Disable mounting of home directories on LIGO Lab worker nodes¶
Effective Date: This will be rolled out gradually, starting 21 April 2026
Service Impacted: Users submitting HTCondor workflows from access points (submit nodes) at LIGO Lab managed compute clusters that should run locally at those clusters and that require access to the home directory filesystem from a running job.
Details¶
Overview¶
Until this change starts to be deployed, users submitting jobs to the local HTCondor pool from an access point (AP, sometimes also called a submit node or login node) at any of the three LIGO Lab clusters (CIT, LHO, or LLO) could have those jobs access the home filesystem mounted under /home/marie.curie/ in each job. The ability of any job on the cluster to read and write to these shared filesystems from any of the worker nodes is unsustainable for stable performance of those filesystems, and with this change such access will start to be gradually removed.
Impact¶
The removal of mounting home directories on execute points (EP, also known as worker nodes) will begin at CIT on 21 April 2026. It will not initially be deployed to all worker nodes, but only to a subset corresponding to those nodes shared as dedicated low-latency nodes for low-latency analyses that have indicated that they are ready for this transition. Since whether or not the home filesystem is mounted is a binary choice for each EP, if a dedicated EP is transitioned away from mouting this filesystem for a low-latency analysis, then it will also stop mounting it when made available for offline analyses. Over time, the fraction of the CIT pool where the home file system is mounted will decrease, and jobs that still require it will have a decreasing set of resources on which they may run. The transition timeline for LHO and LLO will be determined at a later date, and informed by the experience at CIT.

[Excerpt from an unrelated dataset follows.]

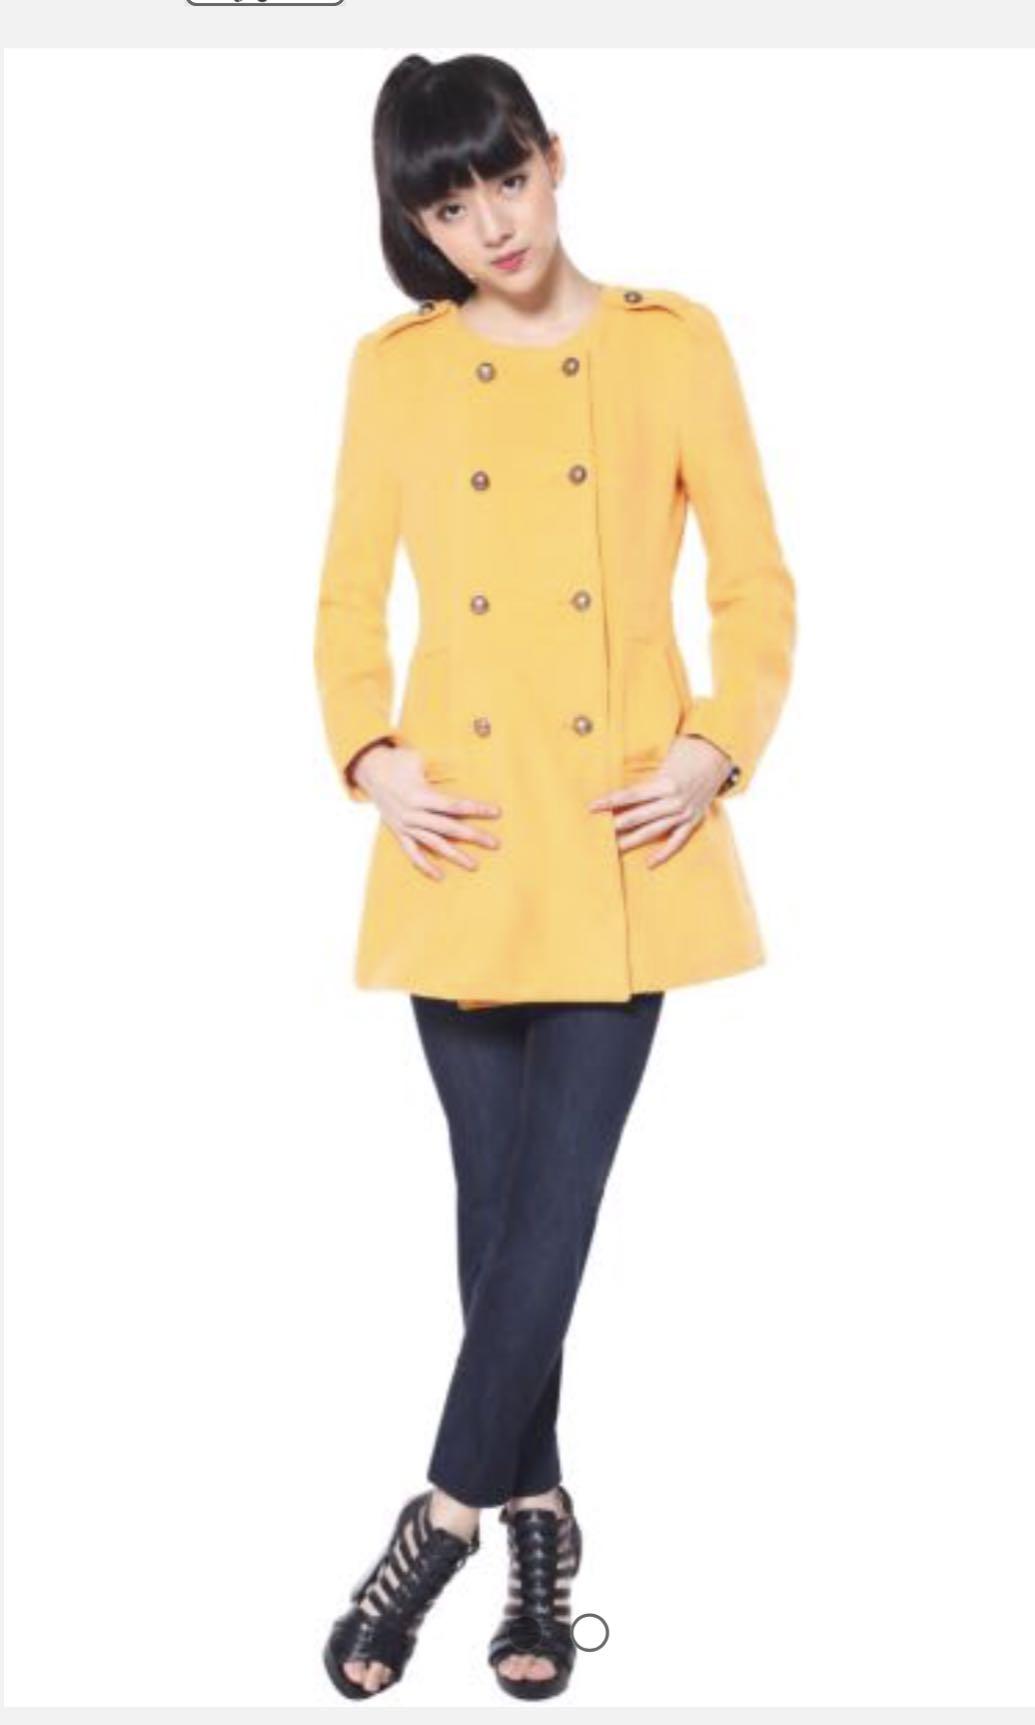 4818fd4fd Love Bonito military trench coat in mustard color

This change will not remove the mounting of the home filesystem on access points. Note that at CIT, it is already the case that exactly one of the citloginN access points will mount any given user's home directory as read-write; on all others it is mounted read only.

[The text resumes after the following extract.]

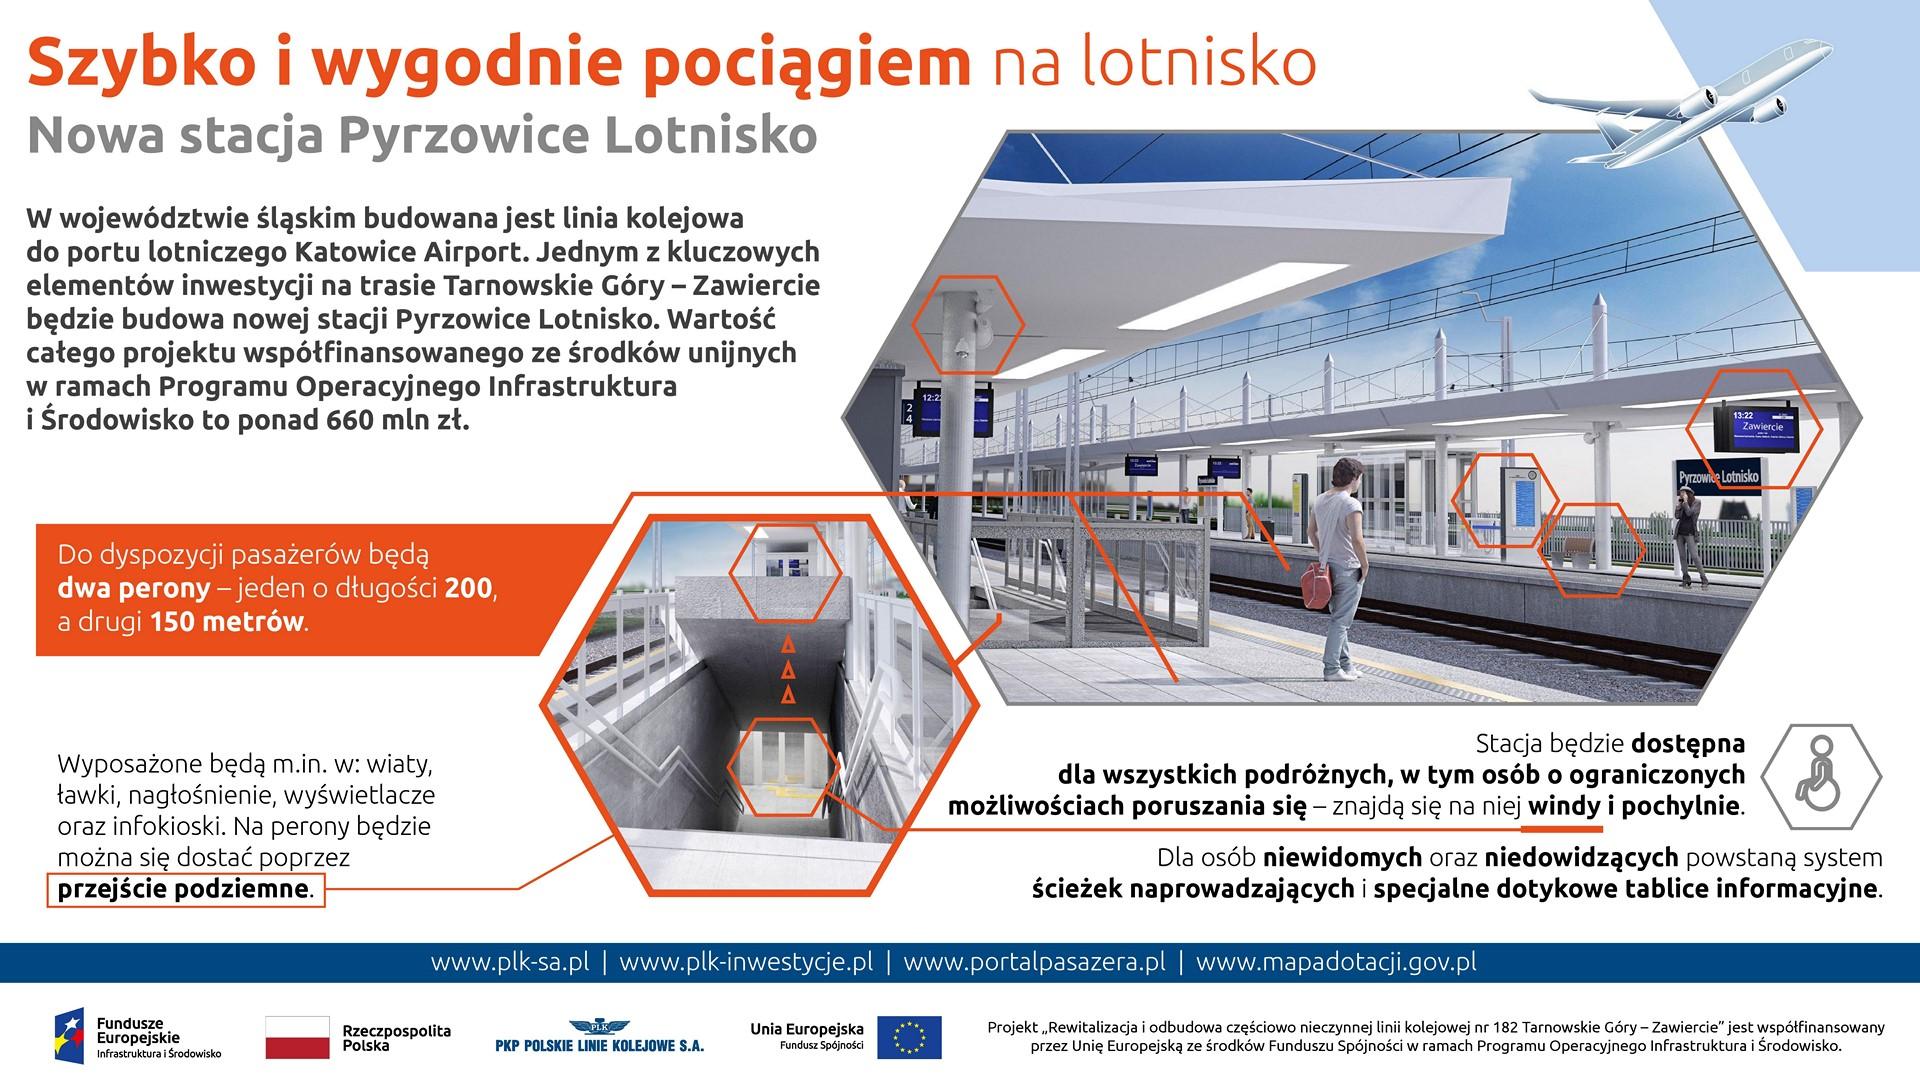 Infografika przedstawia informacje o przyszłej stacji Pyrzowice Lotnisko.

This change will not affect jobs that use condor file transfer to move all of their input data to a working "sandbox" on the EP, and then transfer any necessary checkpoint files or output files and directories using condor file transfer. Indeed, any workflow that needs access to the widest possible set of resources should be modified to use this mechanism (for large files in offline workflows it is also advised to use OSDF).
If, in the short term, your workflow cannot be readily modified to use HTCondor file transfer, then there are two options:
- (Preferred) Append
(TARGET.EPNFS =?= True)to the job submit requirements. If you choose this approach, the job may be submitted from any AP at CIT (though note that most AP will now by default target the distributed IGWN grid, and additional syntax is needed to ensure that a job only runs locally at CIT). - Submit your workflow at CIT using the special access point
epnfs.ligo.caltech.edu. All jobs submitted from this access point will automatically have a condor job transform added to them so that they will only target EP on which the home filesystem is mounted.
The dedicated AP epnfs.ligo.caltech.edu will only submit to the local CIT pool. Therefore, any hybrid workflows where some jobs are intended to run on the IGWN grid but others must run on the local CIT cluster with access to a shared home filesystem must use only method number 1 above to target where those jobs requiring home filesystem access land.
If a job implicitly assumes access to the shared home filesystem but does not assert this need using one of these two methods, then with some probability it will land on an EP that does not have that home file system mounted, and likely encounter errors in startup, running, or creating output files caused by the absence of that filesystem. Over time, the fraction of such EP where this will happen, and therefore the fraction of jobs that fail because they require the home file system but do not declare that, will increase.
Even for jobs that do declare their need for the home file system, over time the fraction of EP where they can run will decrease, and if such a workflow needs more resources then it should be modified to remove the assumption of a home filesystem.